Back on the road into San Juan, driving 10 times as fast as Thalia takes us, we entered the city and settled down for the night at the Best Western Pierre Hotel. What a treat it was to open the hotel room door and find two nice double beds, a TV and a full sized shower and bathroom! And, if I had brought our laptop, I could have cruised the internet until I was blue in the face… aw, the trappings of civilization!
Among the hotel’s amenities were an outdoor chess set which captured the immediate attention of the kids. If Zack wasn’t so good at chess, he wouldn’t have had to take on our youngest and the freely flowing advice of three adults – myself, Karen, and a friendly Puerto Rican man. I may regret this as I wait forever for the upload to complete, but here’s a movie of the chess-advising session!
But, chess, as fun as it looked to play, was not why we came to San Juan. It was to visit Viejo San Juan, or Old San Juan. This is the site of the original settlement, strategically situated on a point of land at the harbor’s entrance.
The main attraction in Old San Juan are two forts and the buttresses that at one point encircled the entire island. Begun by Spanish troops in the 16th century, the fortification of Old San Juan was key to the protection of Spain’s delivery of riches from the New World. At that time, the Caribbean Sea was a dangerous maze of islands with few harbors of refuge. Spain claimed the Caribbean as its exclusive territory by right of conquest, but its authority was constantly being challenged by pirates and traditional European enemies – England, France and Holland
Here’s the view from the first fort we visited, San Cristobal. Note the modern day use of the moot!

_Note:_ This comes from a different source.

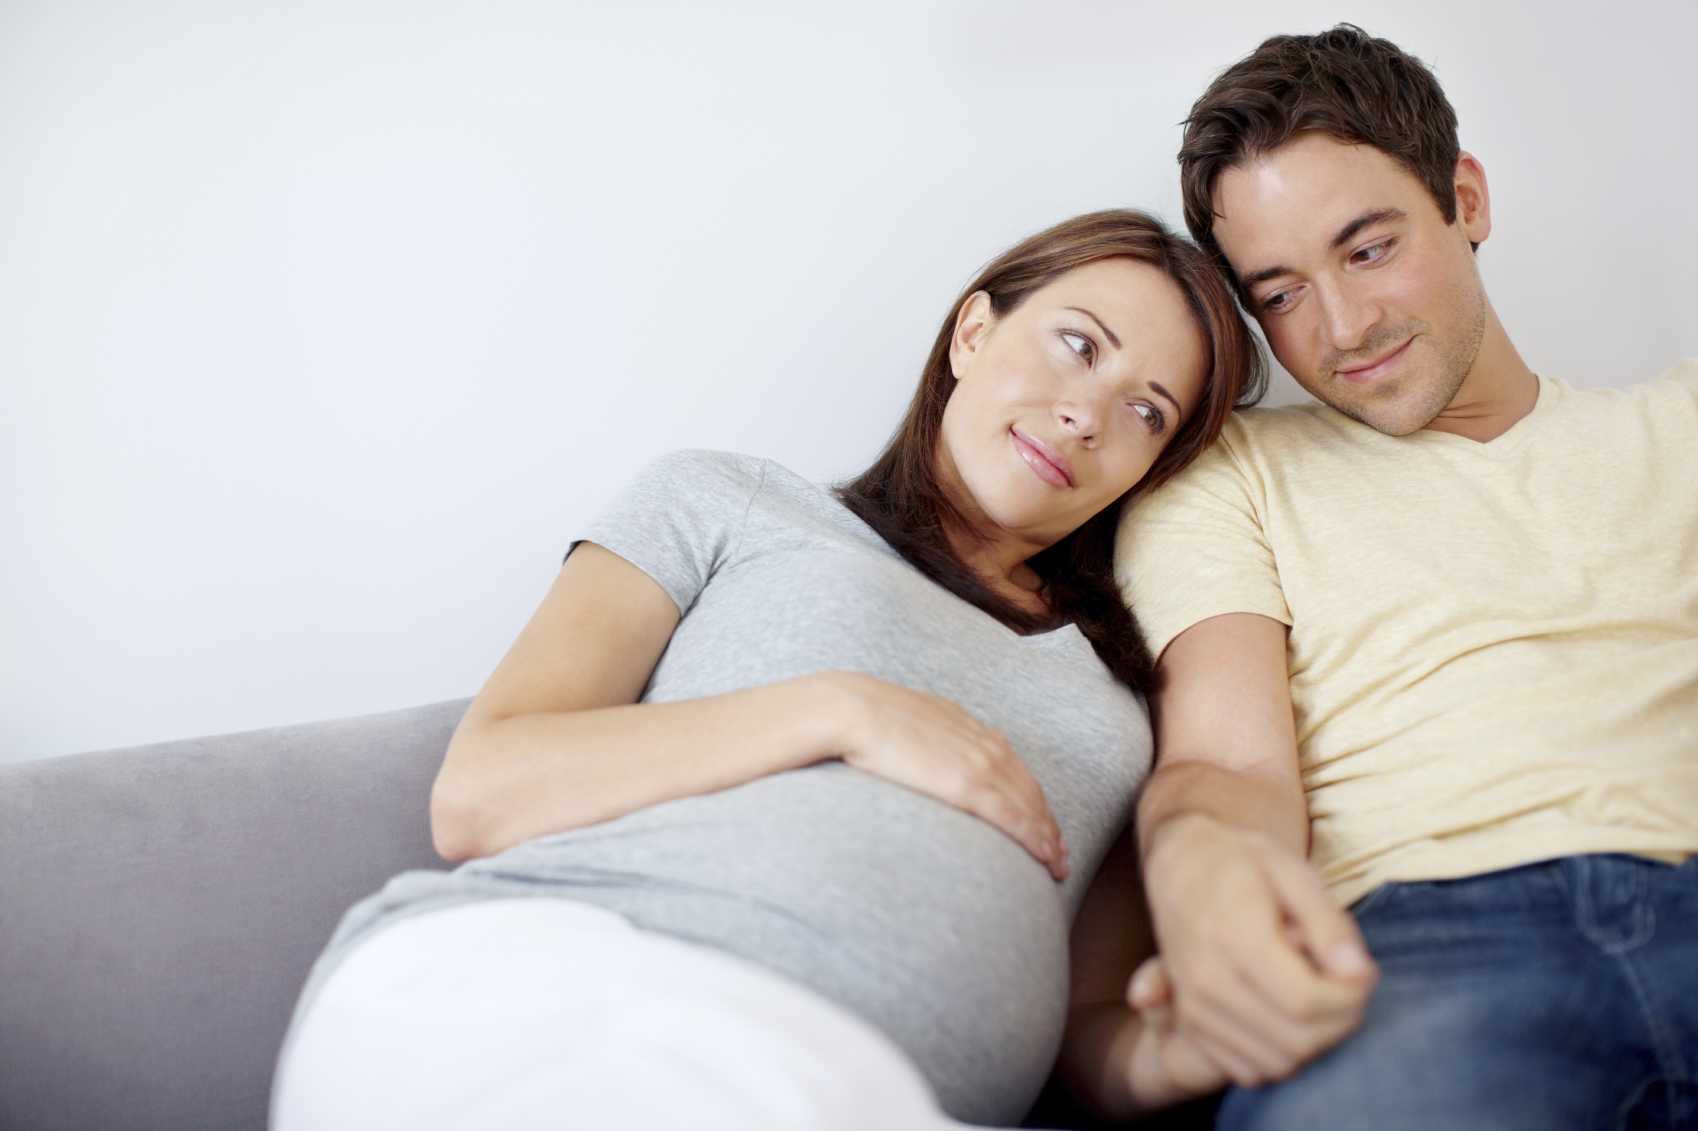 10 мифов о подготовке к беременности и их опровержение | милосердие.ru
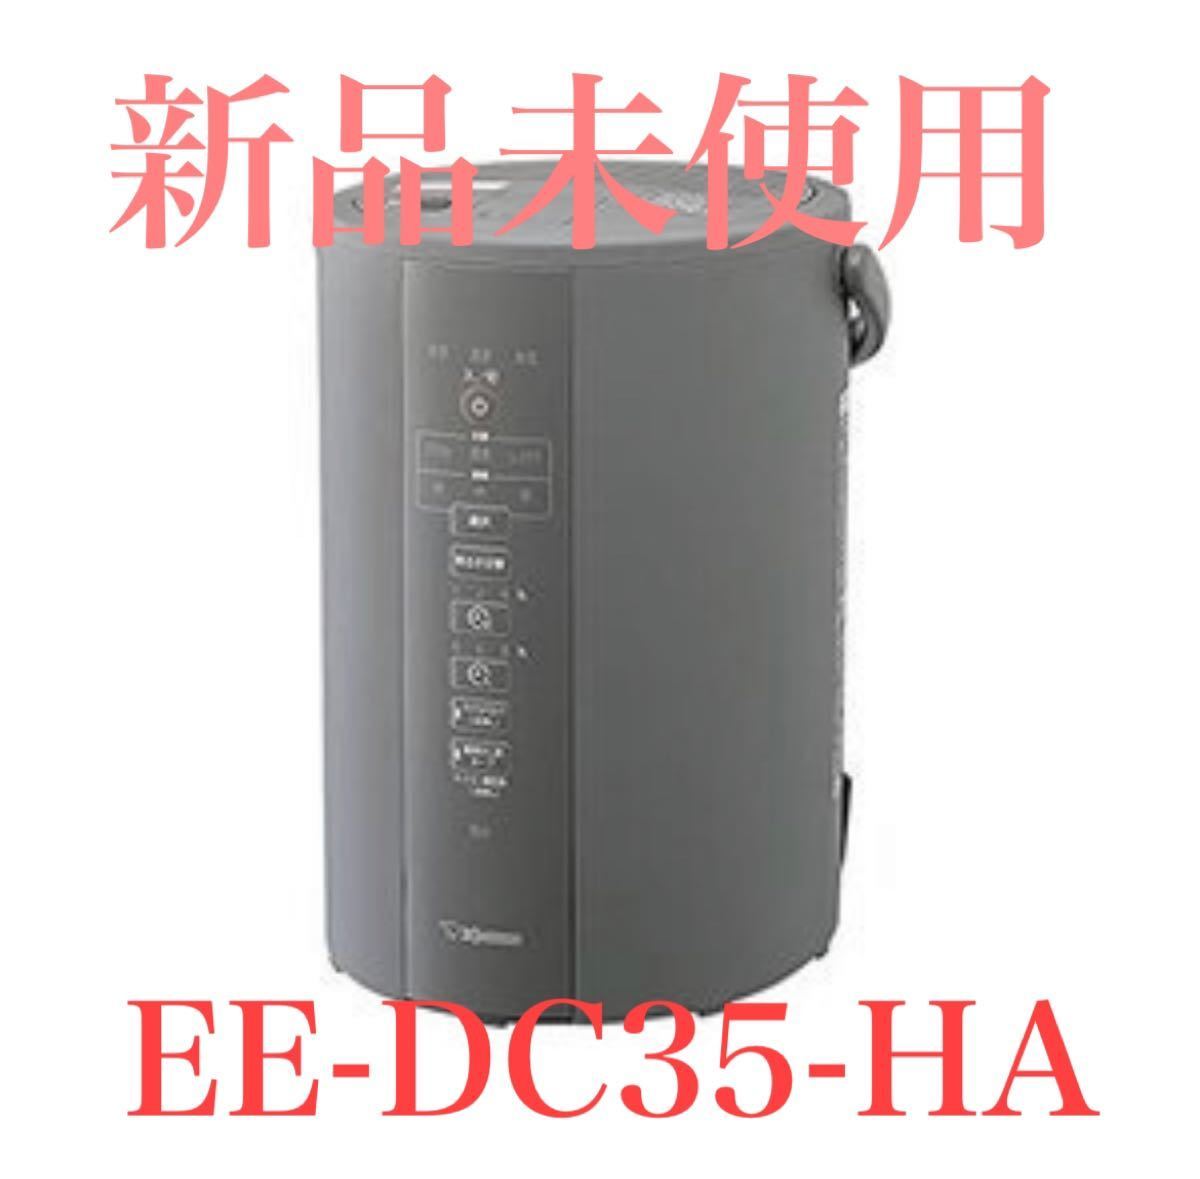 超美品の 象印3.0L スチーム式加湿器 ホワイト EE-DC35-WA aob.adv.br

And the lone sentry towers…
Walking along the shore line, we soon encountered the second fort, El Morro, prominently positioned at the point of the harbor entrance. Here, we found massive stone buttresses, with walls some 20-30 feet thick, and layers and layers of batteries, provided what they called defense-in-depth. I took so many pictures of this fort, I can’t possibly figure out which to include, but here goes!
On the second of our two day blitzkrieg of San Juan, we had to keep moving on from the forts. The city streets in Old San Juan are narrow, sometimes cobblestoned affairs, with copious amounts of pastel colors on the walls.
If you ever get a chance to visit Old San Juan, set aside at least a few days for the occasion – it won’t disappoint you!
We bid adieu to my Dad and June, who were staying on in San Juan to catch a flight home, and we fought rush hour traffic out of the city. In an attempt to avoid the stop and go traffic, something so foreign to us sailors, we made a dangerous stop at the Plaza las Americas, a shopping mall like none-other in the Caribbean. Heck, there was even a traffic jam getting in and out of the 6 storied parking plaza! Four hours and many shopping bags later, we found our way back on the highway and returned to Ponce, to the calm and peacefulness of a late evening aboard Thalia. San Juan and El Yunque had been a pleasure to experience – we only wished we had more time!
We will continue to head south along the coast of Puerto Rico and get ready for a 325 mile non-stop leg to the Turks and Caicos.